Since this is your first road bike purchase, you may want to branch out some and check out other makes/ models. There's nothng wrong with these two choices, and in your price range the components will be pretty similar, but by test riding more bikes you'll be exposed to slightly different geometries/ riding positions and you may find that one stands out. And speaking of geometry, FWIW the Trek has slightly racier geo compared to the Marin, which will allow for a slightly more upright rider position. 

Good luck, enjoy the experience and keep us updated on your progress.


----------



## bikesdirect (Sep 9, 2006)

PJ352 said:


> IMO you're making a smart move going with your LBS for a first bike. The sizing/ fitting assistance they offer along with the ability to test ride bikes of interest cannot be matched buying online. Those services (among others) are very important to noobs.
> 
> That said, Once sized/ fitted to both bikes, I suggest riding them back to back and out on the roads for some duration. Focus on fit/ feel, ride and handling. Even placement of shifters and shape of bars may influence how confident you feel on the bikes.
> 
> ...



It is very interesting what different 'experts' will find important.
You feel sizing is all importatnt; OP says "The LBS guy fitted me to a 56cm (though he said I might like a 54cm better depending on the bike). "

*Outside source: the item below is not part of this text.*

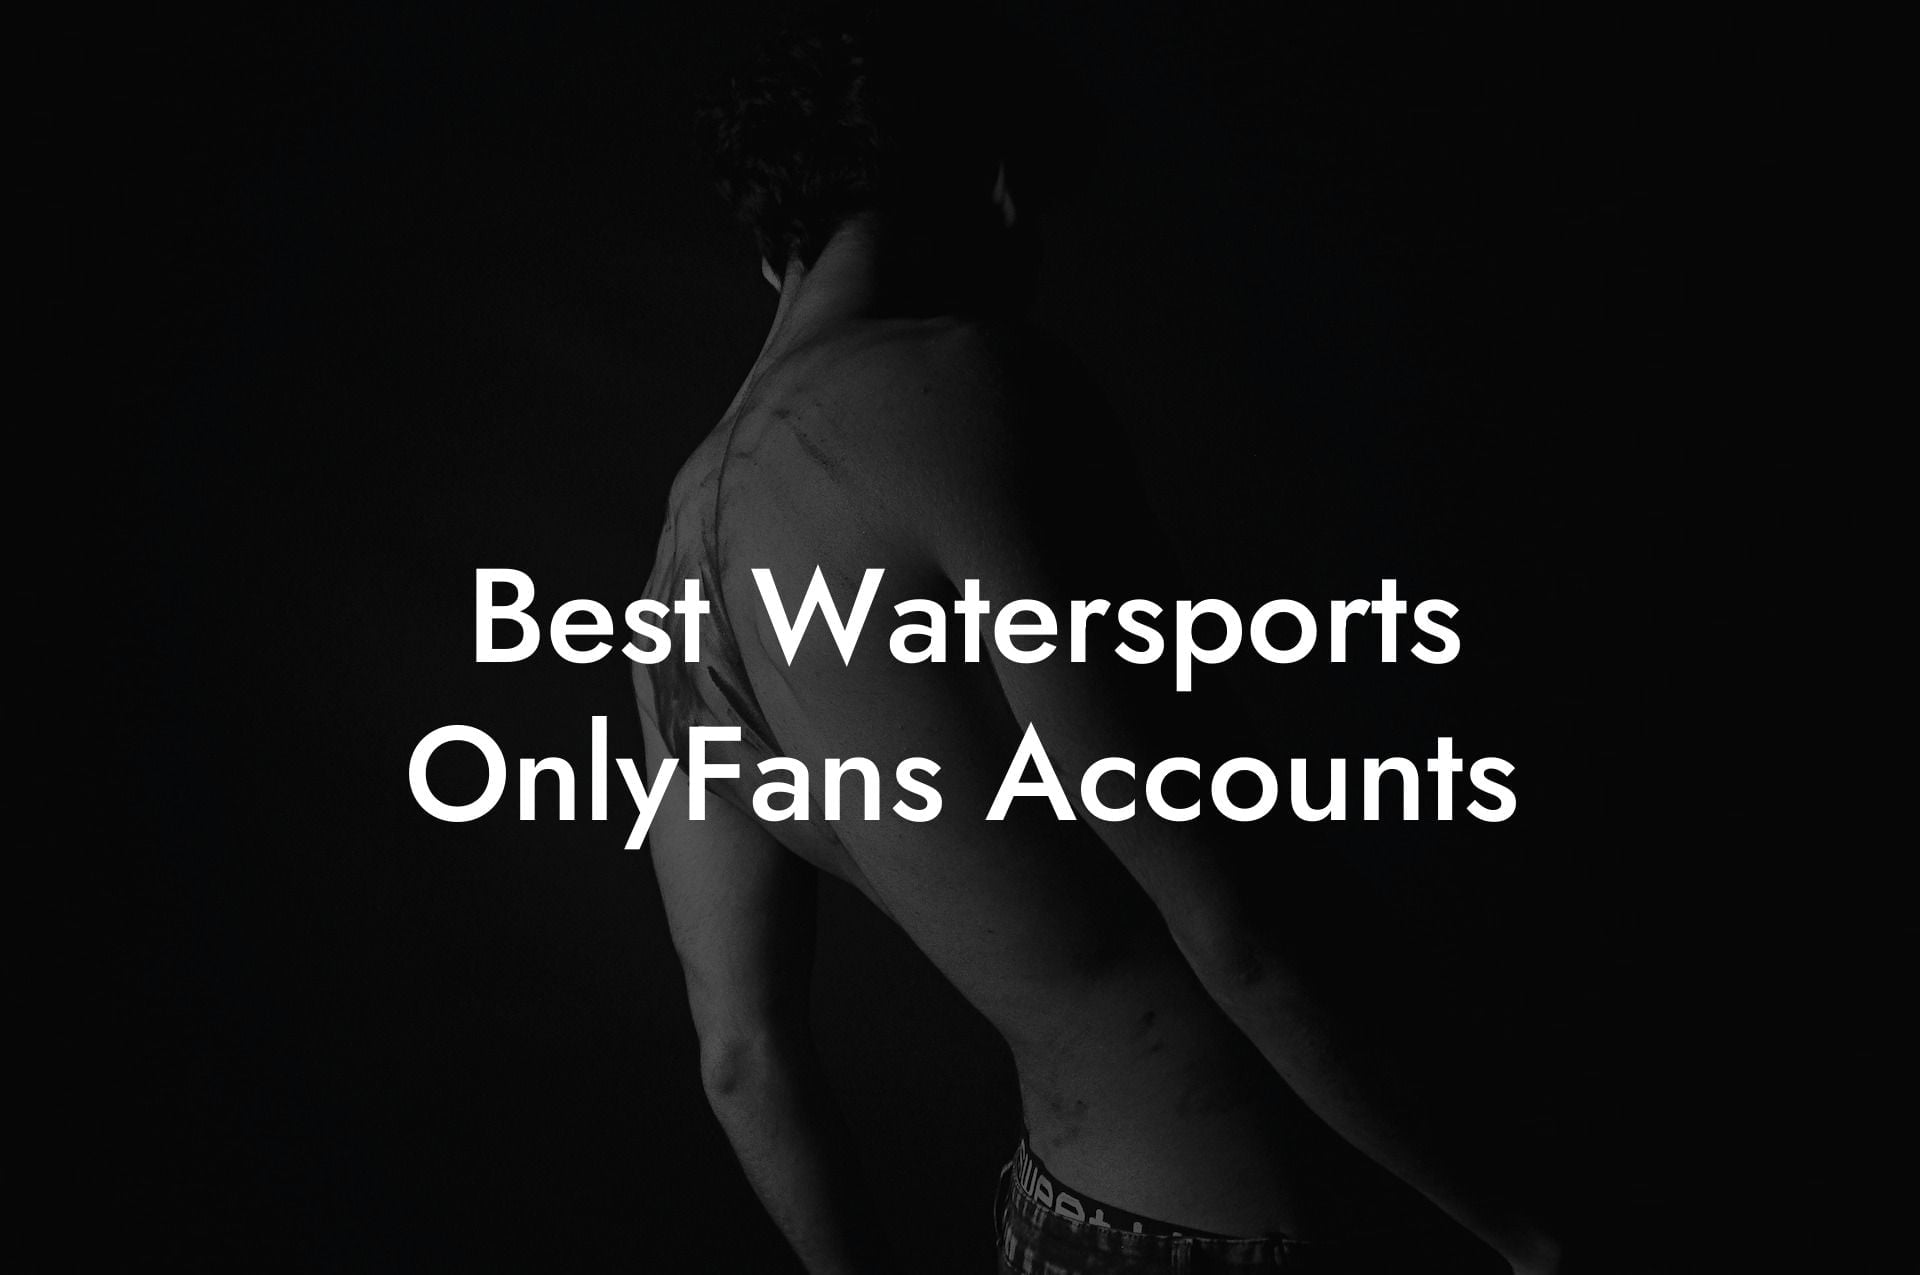 Best Watersports OnlyFans Accounts

And you feel these two choices are 'pretty similar'
I TOTALLY DISAGREE WITH THAT
A Carbon Fiber fork is so much better than an Aluminum fork that these two bikes should not even be considered in the same class. You will note that I think even a 4130 steel forks beats an Alumninum fork.

The long term pleasure in riding will be more effected in the case by the fork than weather OP gets a 54c or 56c IMO. And I will go further than that; OP should budget long term for a new fork if he goes with an Alumnium fork [which is easy enough install and he can get a good 4130 steel fork or CF fork for about $100 online or $200 in a shop]


----------



## spade2you (May 12, 2009)

Bikes Direct is better than every LBS on the planet and sells the best bikes in the world. Everything else is overpriced.


----------



## tihsepa (Nov 27, 2008)

I hsv o say it. I gained a little bit more respect for Mik and BD with that post.

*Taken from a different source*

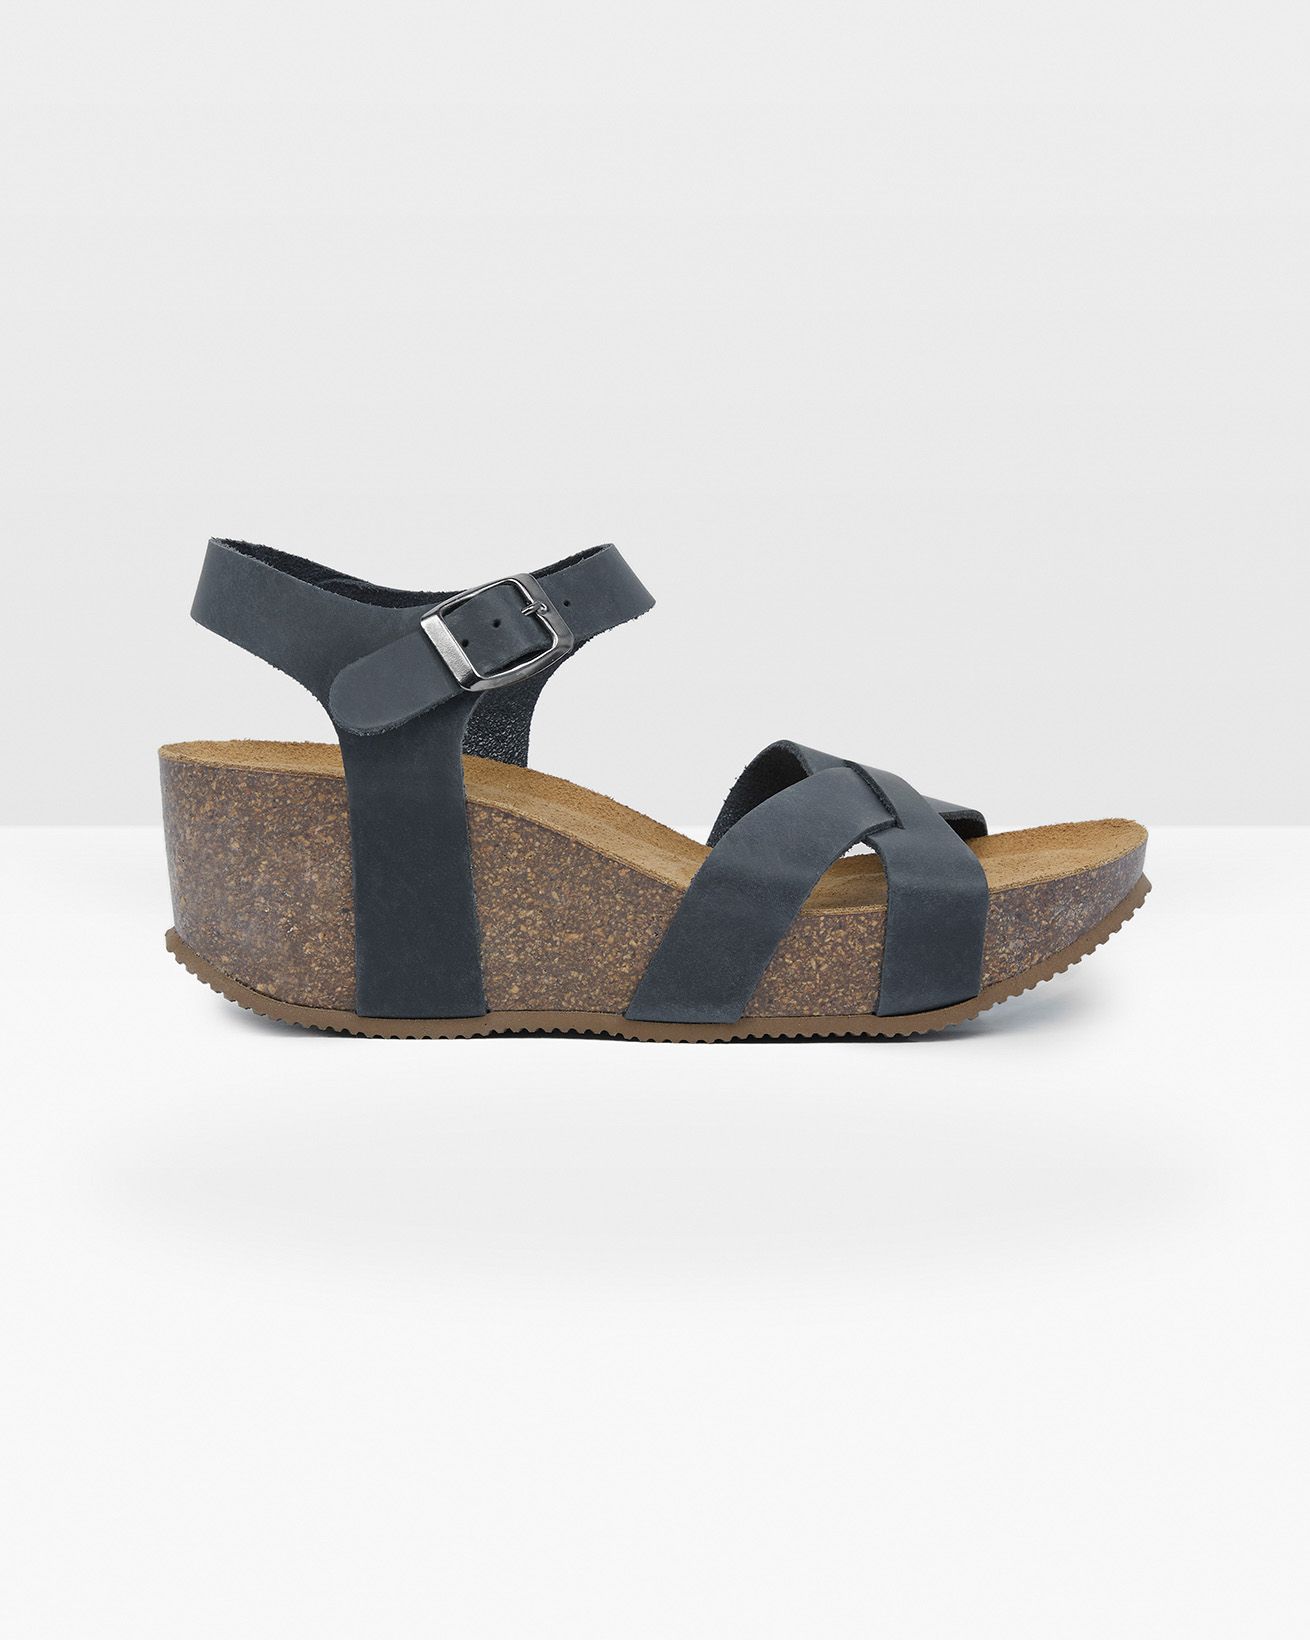 Crossover Wedge Sandals

Also, keep your eyes out for closeouts. I just bought a Salsa because they were not moving.


----------



## PJ352 (Dec 5, 2007)

bikesdirect said:


> It is very interesting what different 'experts' will find important.
> You feel sizing is all importatnt; OP says "The LBS guy fitted me to a 56cm (though he said I might like a 54cm better depending on the bike). "
> 
> And you feel these two choices are 'pretty similar'
> ...


You are quite right, I do feel that sizing/ fit are all important. I also agree with the LBS guy offering that a 56 might fit in one model, while a 54 may fit better in another. There's nothing odd about that considering how geometries can vary between brands, and sometimes models. BD's offerings are no different, which points up a potential pitfall for noobs when buying online. 

As far as the bikes in question being similar, IMO they are. The biggest difference is that one has a more relaxed geo (Marin calls it Natural fit) while the Trek has a more race oriented geo. These differences point up the importance of test rides, because (as I suggested initially) they'll enable the OP to compare the two bikes back to back for fit, ride and handling. 

While I agree that a CF fork is preferred over alu (and probably on a par with steel as far as ride quality), _it alone _doesn't put the Marin in a different class, and ultimately it's the OP's call which to go with, if either. I say test ride, then decide.


----------



## Camilo (Jun 23, 2007)

I think fit is more important than fork material.


----------



## bikesdirect (Sep 9, 2006)

Camilo said:


> I think fit is more important than fork material.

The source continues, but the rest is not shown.